As DS gets older he will be easier to leave. At that stage, resist using him as an excuse to avoid social gatherings and other events that you'll actually enjoy and/or benefit from.

TheWeddingSeason Mon 23-Apr-18 16:38:42

DS is only 2. He's only stayed overnight somewhere else once and we dropped him off at bedtime and we were back for breakfast.

I wouldn't have agreed to go in the first place had the groom not told my DH our DS was invited as well.

Dozer Mon 23-Apr-18 16:39:11

YABU to be upset with the friends: they may have initially said DC were invited but on reflection decided against it, which is fine as it’s their wedding.

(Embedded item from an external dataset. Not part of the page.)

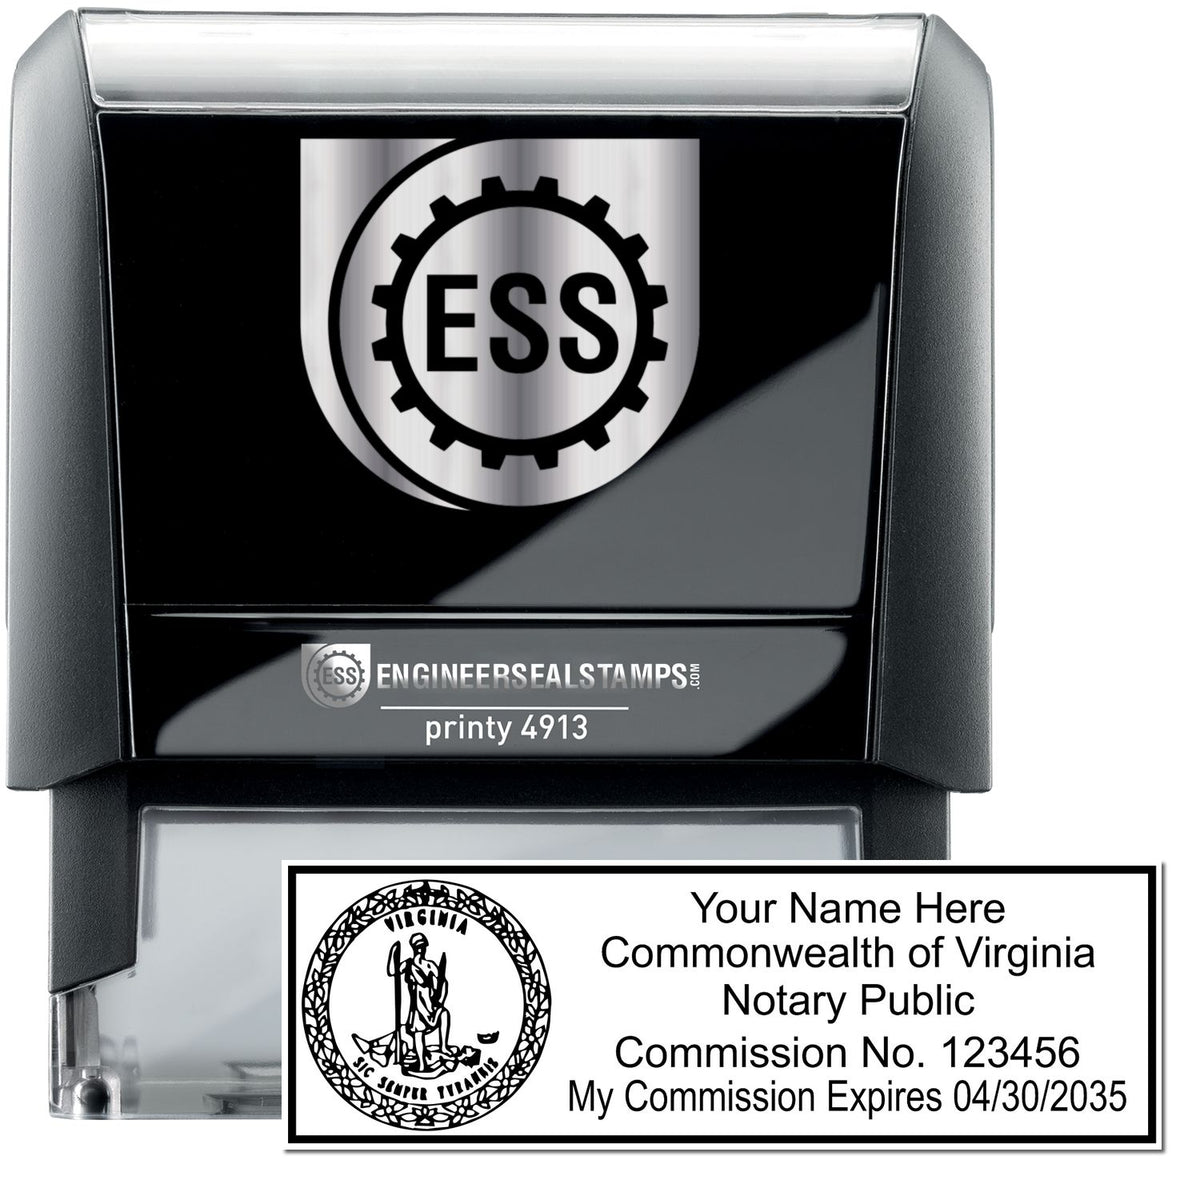 A self-inking stamp with a stamped image showing how your name, commission number, and expiration date with a round Virginia seal image on the left will appear after stamping from this notary stamp.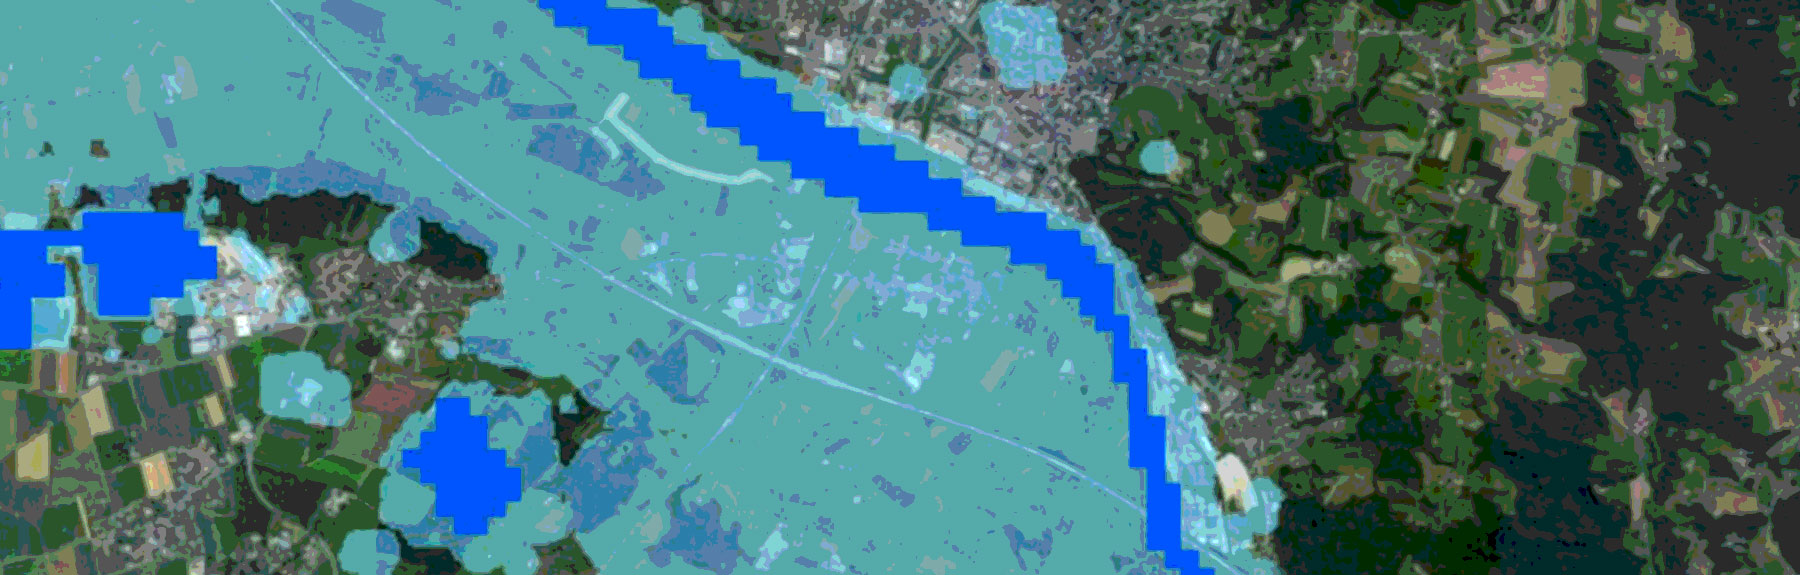 Mapping the 2013 Floods in Central Europe

elQuintoConyo Mon 23-Apr-18 16:39:21

So DH goes alone.

TheWeddingSeason Mon 23-Apr-18 16:39:38

Also it's not a child free wedding as their kids will be there and so will their nieces / nephews.

TomRavenscroft Mon 23-Apr-18 16:39:41

I'd be upset too, not at it being child-free per se but at being told the DS was invited and then that changing.

Dozer Mon 23-Apr-18 16:40:00

How far away is the wedding, and what are the childcare options?

NerrSnerr Mon 23-Apr-18 16:40:04

If you don’t feel comfortable leaving him then don’t. It’s your husband’s friends wedding so just send your husband.

kissthealderman Mon 23-Apr-18 16:40:27

Ah, he's 2, he'll be fine being left for a night. He's not a newborn.

Up to you though, if you don't want to leave him then don't go and let DH go alone. No other choice really if you don't want to go without DS.

(Please don't be one of those people asking if their child can go when it's no children but family).

FuzzyCustard Mon 23-Apr-18 16:41:18

Agree that no-one is being unreasonable. It's all down to personal preferences.
We had a declined invitation fro our wedding because the parents couldn't find a sitter...for their 16 year old! Now that is some excuse!

Dozer Mon 23-Apr-18 16:41:18

YABU to object to specific DC being invited: again, that’s the couple’s prerogative. Big difference between just a few DC of closest friends/ relatives and loads of DC of guests.

Babyplaymat Mon 23-Apr-18 16:41:19

It's annoying that it has changed but they're not being unreasonable. Likewise you're not if you don't want to leave him, but you don't have the right to be cross with anyone about it as they're not wrong.

Amaried Mon 23-Apr-18 16:41:27

Honestly lots of couples have family kids only at their wedding. It's not a Summons, just don't go if you don't want to leave him.
Not sure there is a need for drama.

SomeKnobend Mon 23-Apr-18 16:41:28

Just don't go, Yanbu. There was a woman on This Morning who's spent thousands on attending weddings. I'm gobsmacked people go tbh when you have to spend so much on travel, hotel, 24hrs or more of childcare, gifts and all the rest. Weddings are fucking expensive to attend, if you're not going to enjoy it because your ds isn't there, then just don't go!

AllTheUserNamesAreTaken Mon 23-Apr-18 16:41:43

If you've only just received the invitation then you haven't already agreed to go. Now you know DS isn't invited, just decide whether you want to go or not.

user1483387154 Mon 23-Apr-18 16:42:27

YABU it is irrelevant whether children of their family members are there or not.